# Las Vegas Churches accept gambling chips



## Blueridge Believer (Jan 14, 2010)

Las Vegas Churches accept gambling chips

THIS MAY COME AS A SURPRISE TO THOSE OF YOU NOT LIVING IN
LAS VEGAS , BUT THERE ARE MORE CATHOLIC CHURCHES THAN CASINOS. 

NOT SURPRISINGLY, SOME WORSHIPERS AT SUNDAY SERVICES WILL GIVE CASINO CHIPS RATHER THAN CASH WHEN THE BASKET IS PASSED. 
SINCE THEY GET CHIPS FROM MANY DIFFERENT CASINOS, THE CHURCHES HAVE DEVISED A METHOD TO COLLECT THE OFFERINGS..

THE CHURCHES SEND ALL THEIR COLLECTED CHIPS TO A NEARBY FRANCISCAN MONASTERY FOR SORTING AND THEN THE CHIPS ARE TAKEN TO THE CASINOS OF ORIGIN AND CASHED IN. 

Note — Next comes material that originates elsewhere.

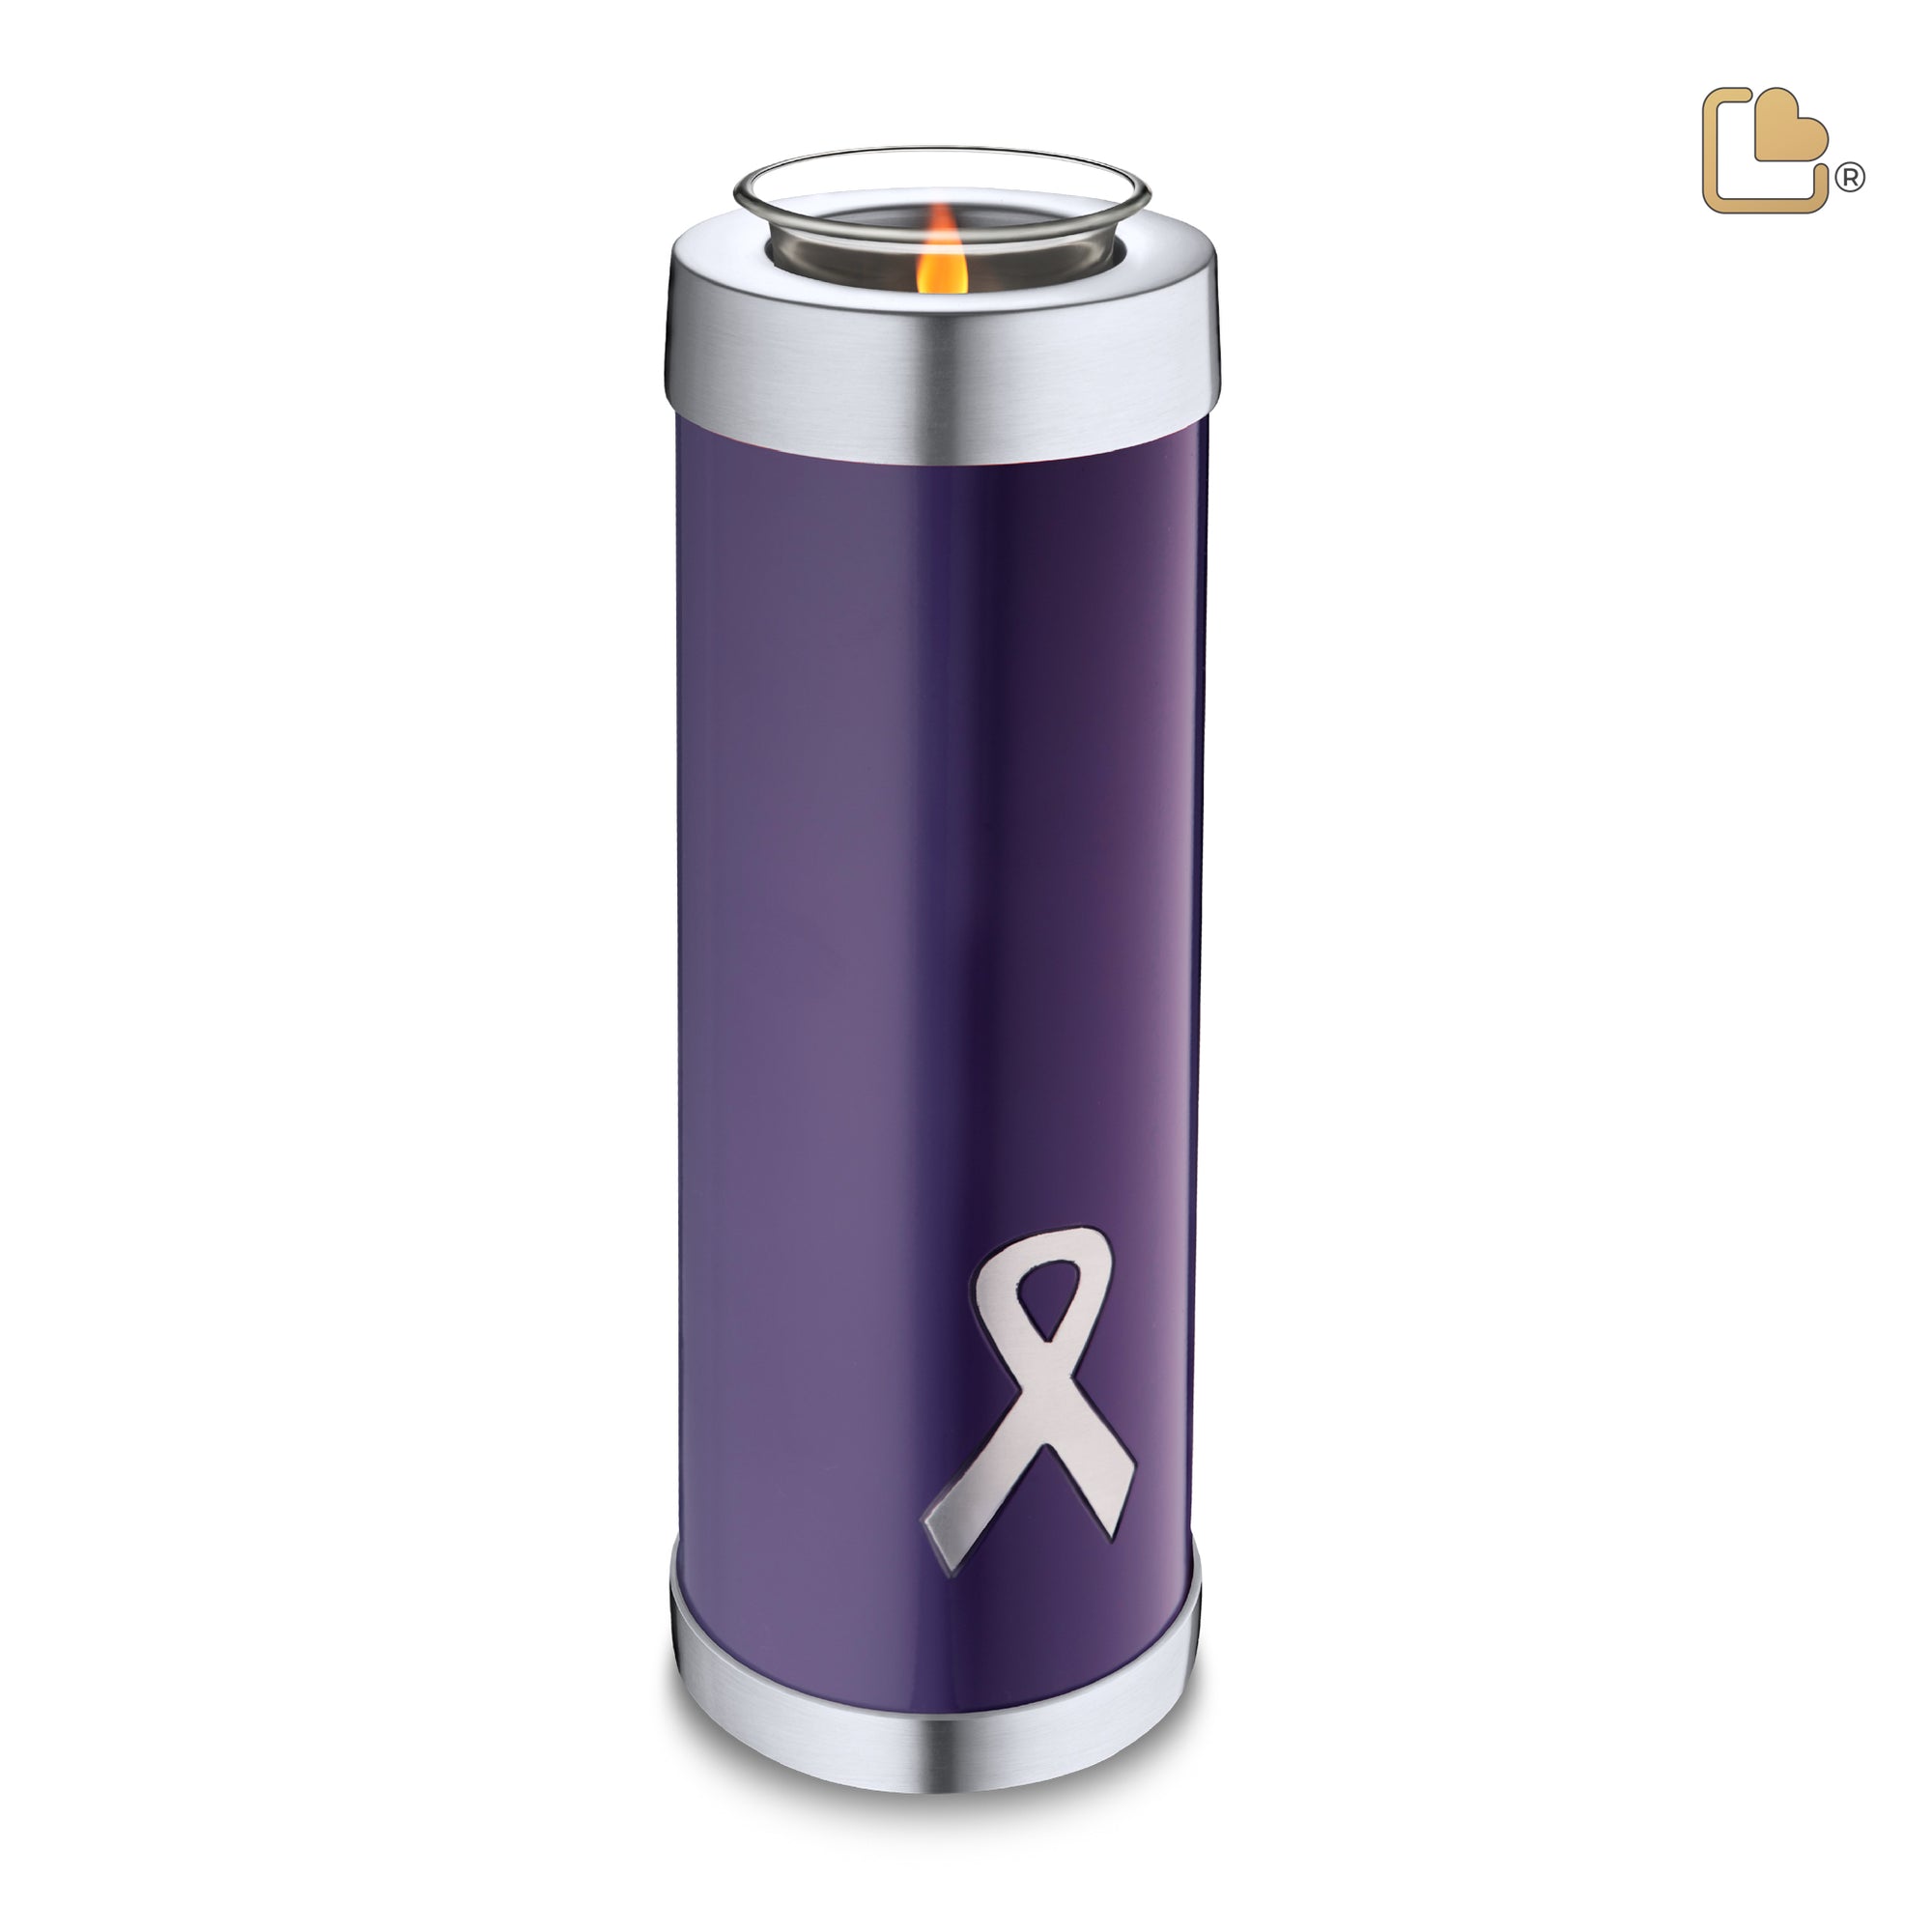 T903   Awareness Tall Tealight Urn Purple & Bru Pewter

THIS IS DONE BY THE CHIP MONKS.


----------



## Andres (Jan 14, 2010)

you got me. I thought it was real all the way up until the last line.


----------



## Zenas (Jan 14, 2010)

Boo. Hiss.


----------



## Rich Koster (Jan 14, 2010)

I _indulged_ in that humor.


----------



## jambo (Jan 14, 2010)

Just as I was thinking that there is nothing the Catholic church would do that would surprise me, I then came to the punchline.


----------



## au5t1n (Jan 14, 2010)

Ah yes, I once visited this monastery and got to meet Fr. Alvin and the Chip Monks.


----------



## KMK (Jan 14, 2010)

I want that 5 seconds of my life back!


----------



## ChariotsofFire (Feb 1, 2010)




----------